Laurier was furious when Shaughnessy was knighted, and it did not help that he learned of the appointment from a newspaper and not the governor general. By 1902, Laurier had drafted an official policy on honours in Canada. It set out that all honours, save the Royal Victorian Order, had to be approved by the prime minister before any list could be sent from the governor general to the King. The governor general and the British government took their time in replying to Laurier’s policy, and while they agreed that the prime minister should be involved in reviewing the honours lists and submitting names, they maintained that the governor general would retain the right to nominate Canadians.

Discontent and Discord: The Nickle Debates, 1917–19

The First World War brought much social and constitutional change to Canada, which included the nation’s policy toward honours. Prior to the war there had been only muted opposition to titular honours such as peerages and knighthoods. Honours were viewed as necessary, even if they were used as tools of patronage from time to time. This prevailing attitude changed during the Great War as a result of several high-profile controversies. In 1914 a private member’s bill was introduced in the House of Commons that sought to abolish peerages and knighthoods in Canada, but not other honours. This proposal was poorly received and promptly defeated. By 1917, however, the mood had changed.
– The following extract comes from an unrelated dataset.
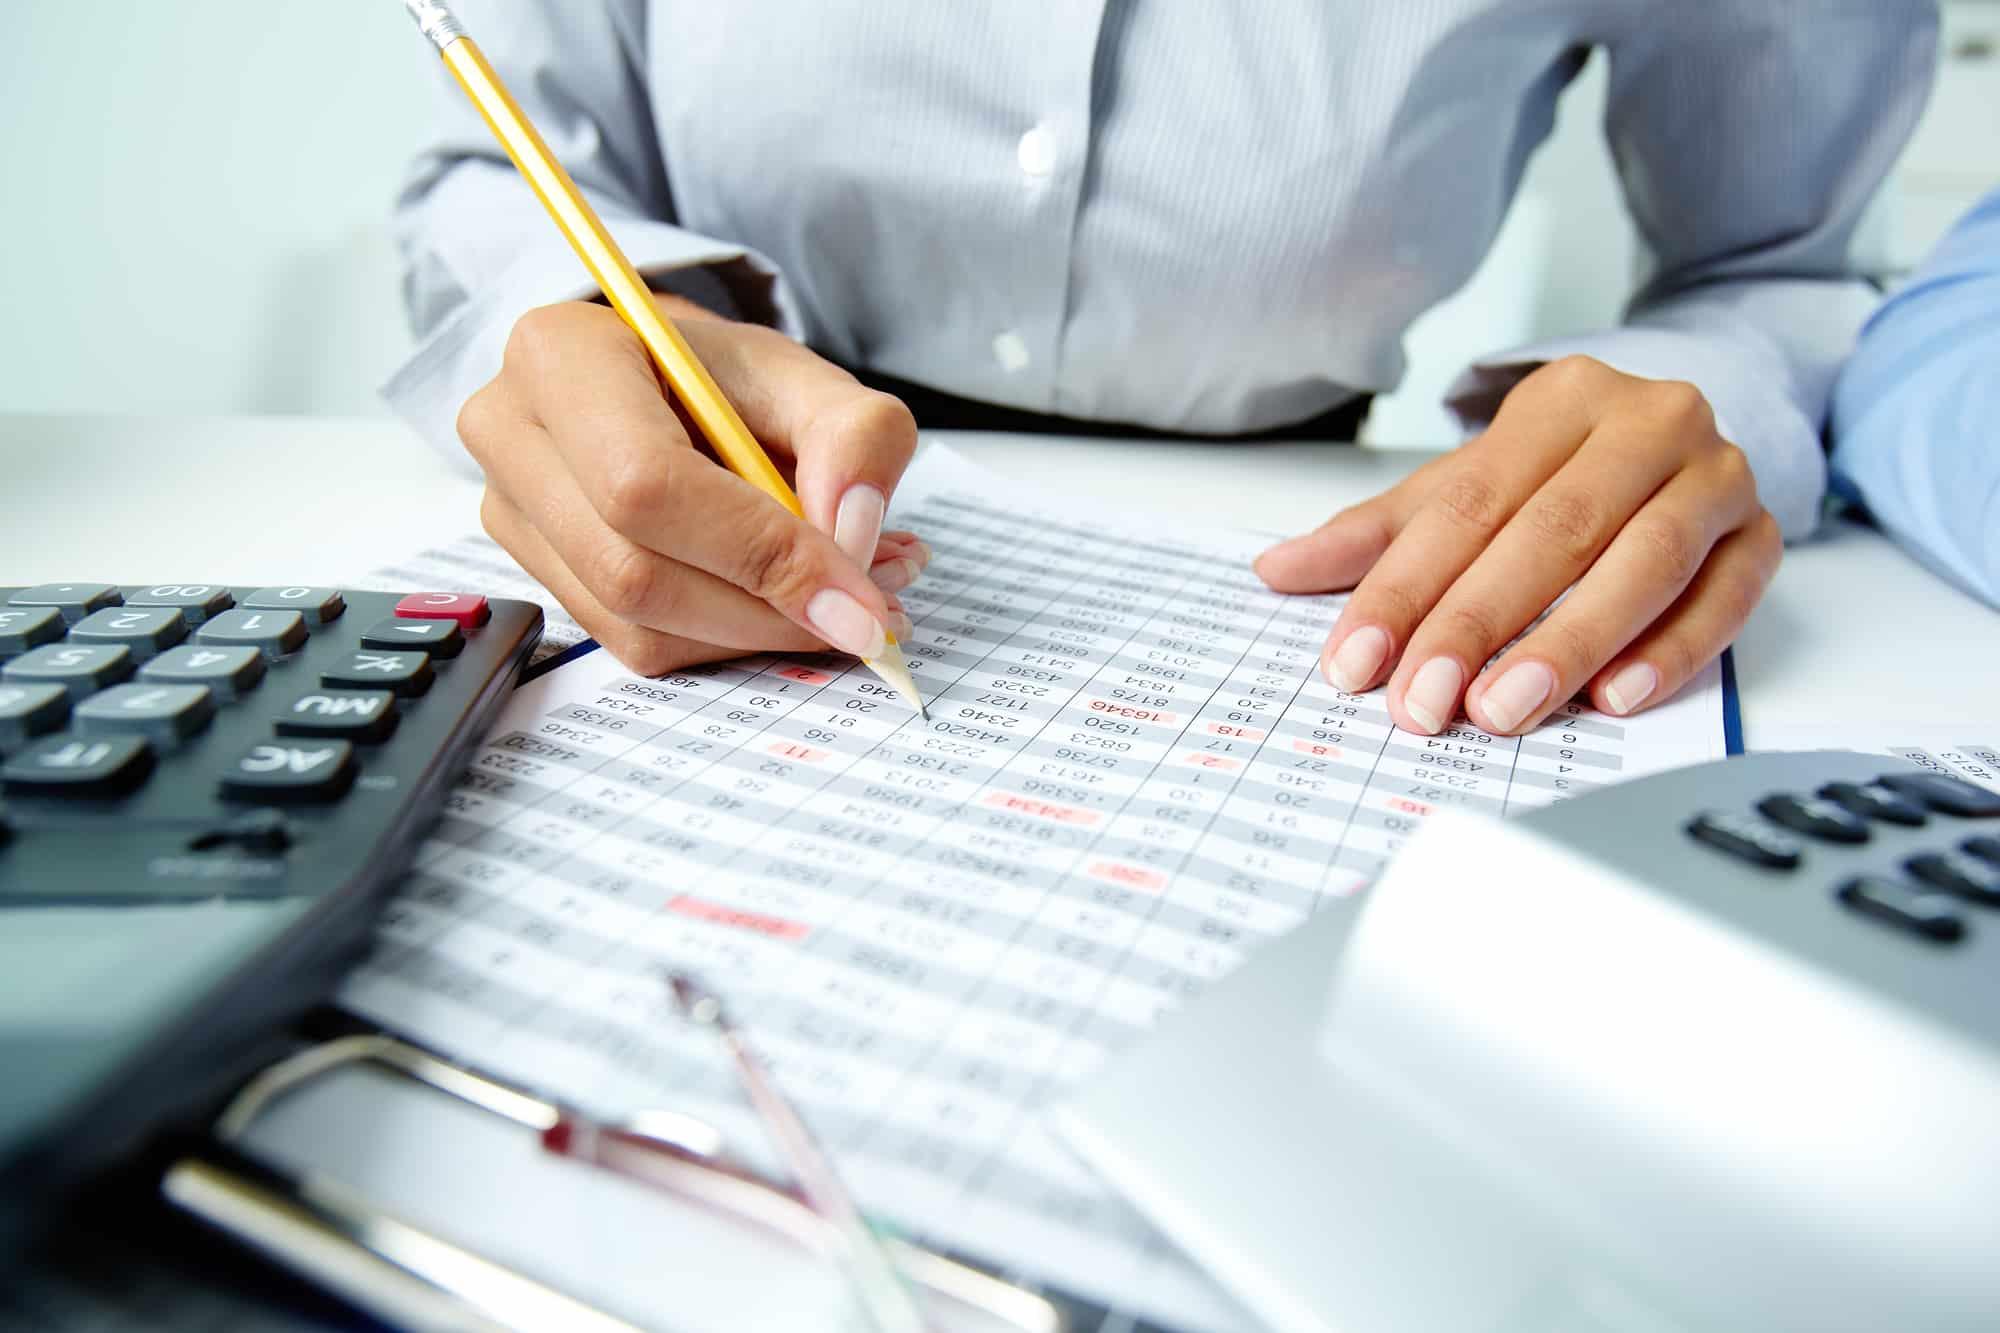 Weiterbildung in der Buchhaltung: 6 potenzielle Jobs & 4 Möglichkeiten

In particular, two very public scandals over honours induced Parliament to examine the issue. The first involved the 1915 appointment of the Canadian minister of militia and defence, Sam Hughes, as a Knight Commander of the Order of the Bath. Hughes had been pilloried in the press because of his overall administration of the department of militia and defence and the Canadian Expeditionary Force. His bombastic approach, cronyism, and procurement of the Ross Rifle were widely reported. The more serious outrage occurred in 1917 when Sir Hugh Graham, owner of the Montreal Star and a staunch imperialist, was elevated to the peerage as Lord Atholstan — against the advice of the Canadian prime minister and governor general. Graham’s peerage was so controversial in part because of his highly unpopular right-wing views and because of an increasing suspicion among Canadians of peerages and knighthoods. Although an unpopular figure, Graham had built up a major newspaper and founded a number of other publications.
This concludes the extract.